◆ DATA EXCERPT
= Beginning of Section =
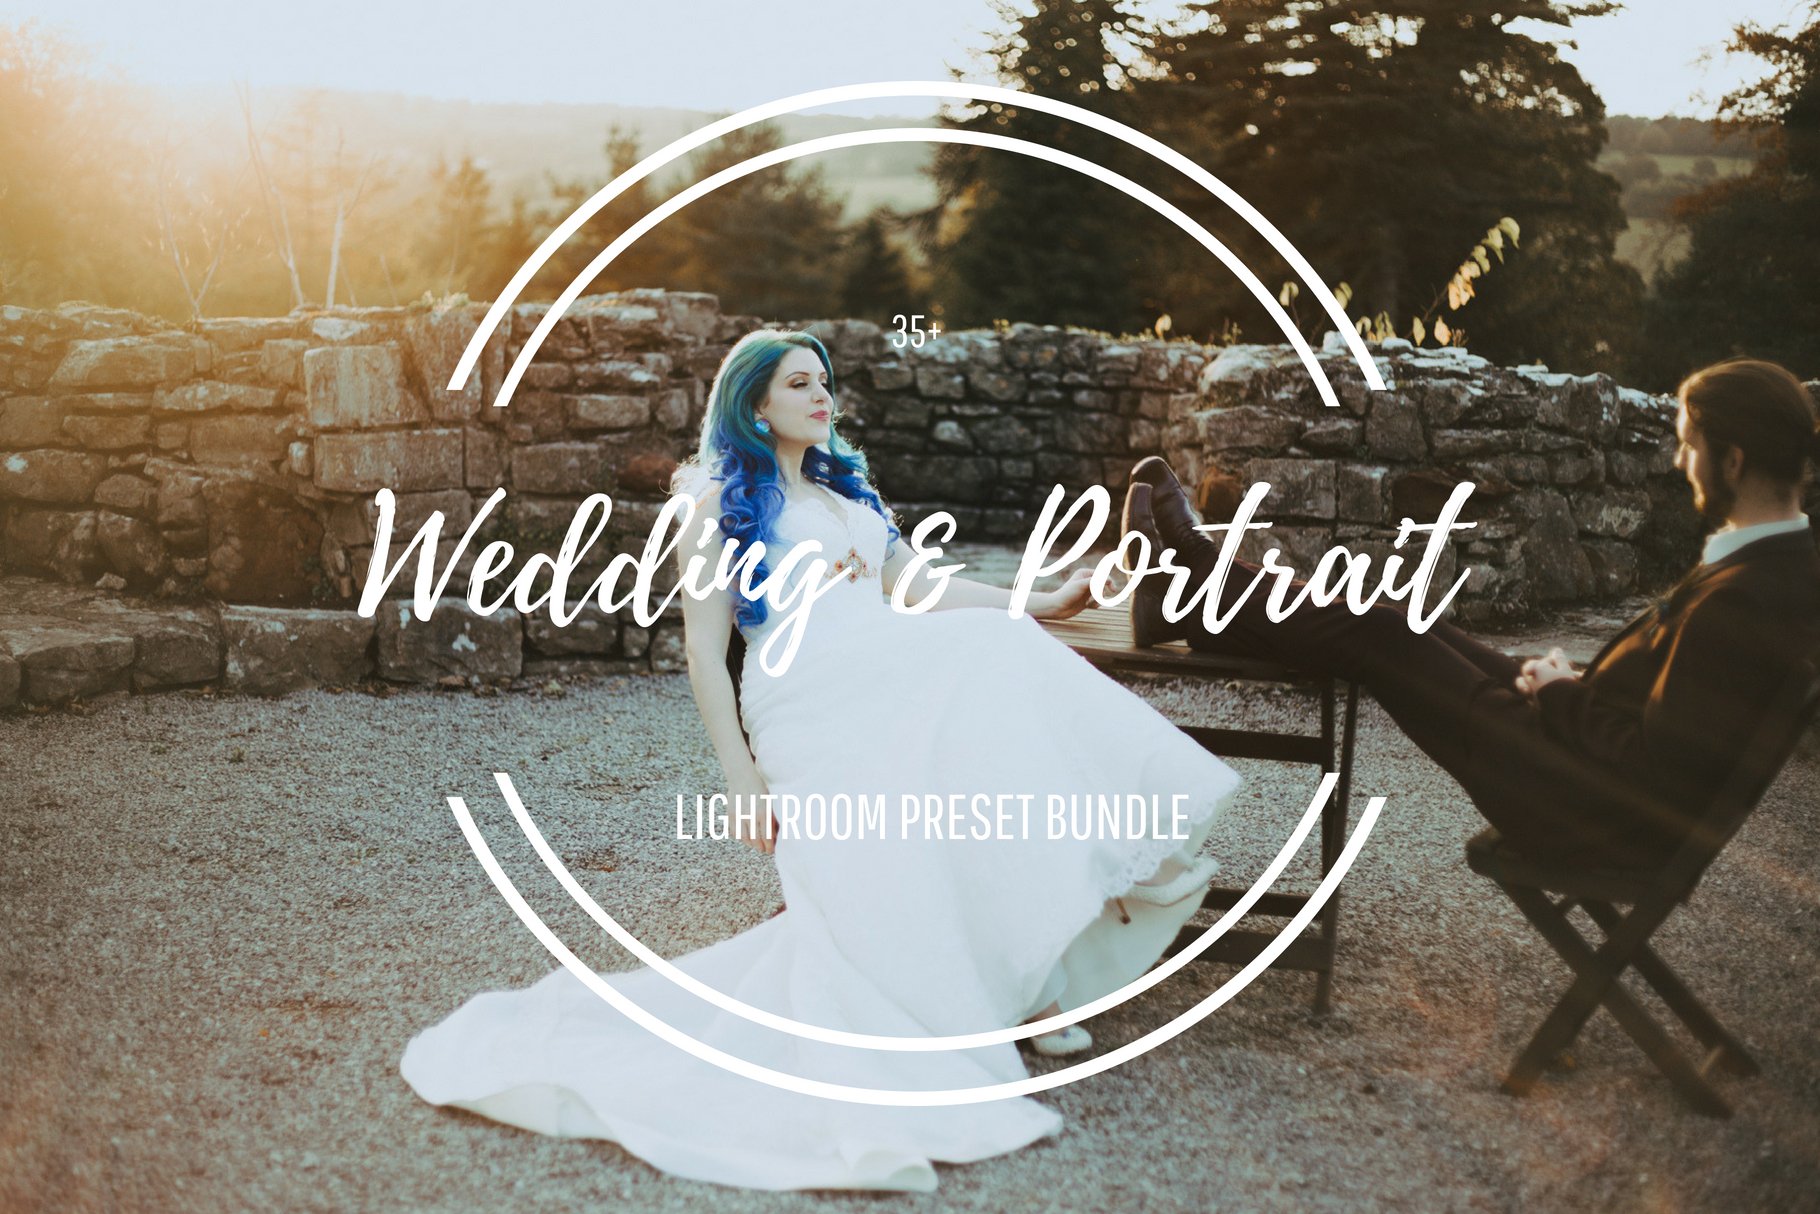 Wedding & Portrait Lightroom Presetscover image.
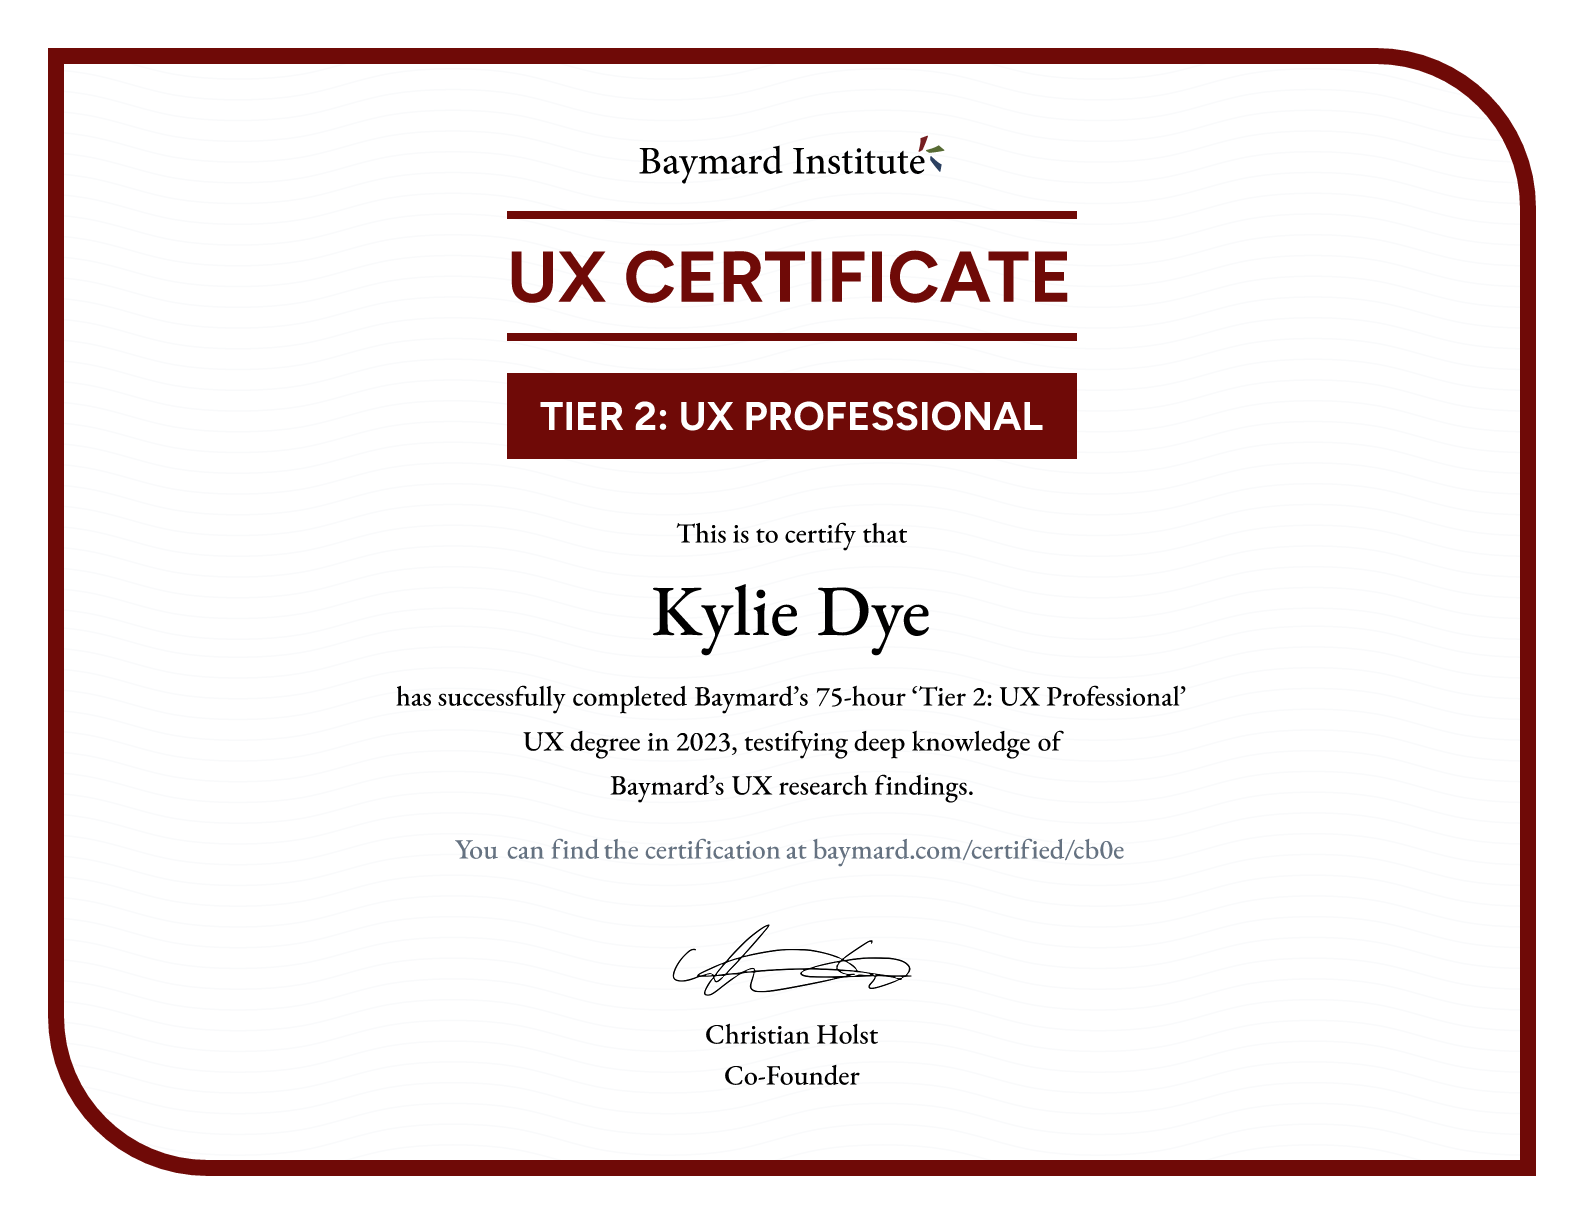 Kylie Dye’s certificate
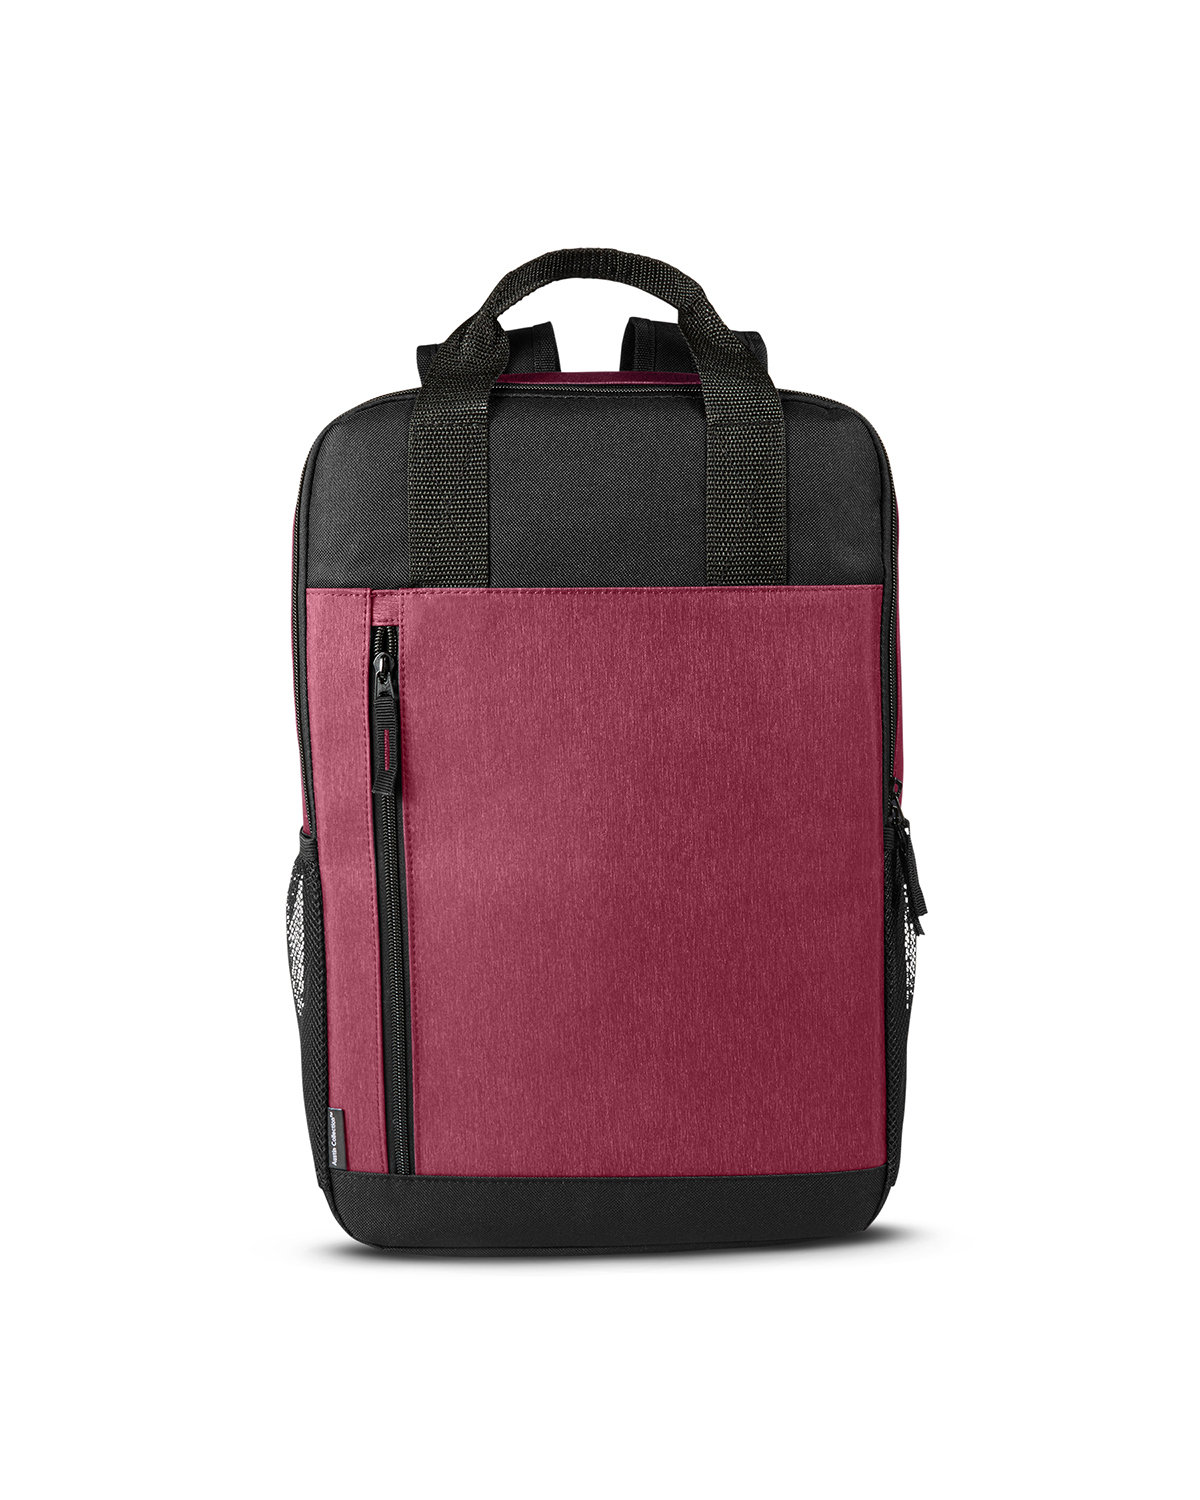 Prime Line BG360 - Austin Nylon Collection Laptop Backpack
= End of Section =
◆ ASSIGNMENT
Please leave the images out and retype the rest of the material exactly.

◆ WRITTEN RESPONSE
 Wedding & Portrait Lightroom Presetscover image.
 Kylie Dye’s certificate
 Prime Line BG360 - Austin Nylon Collection Laptop Backpack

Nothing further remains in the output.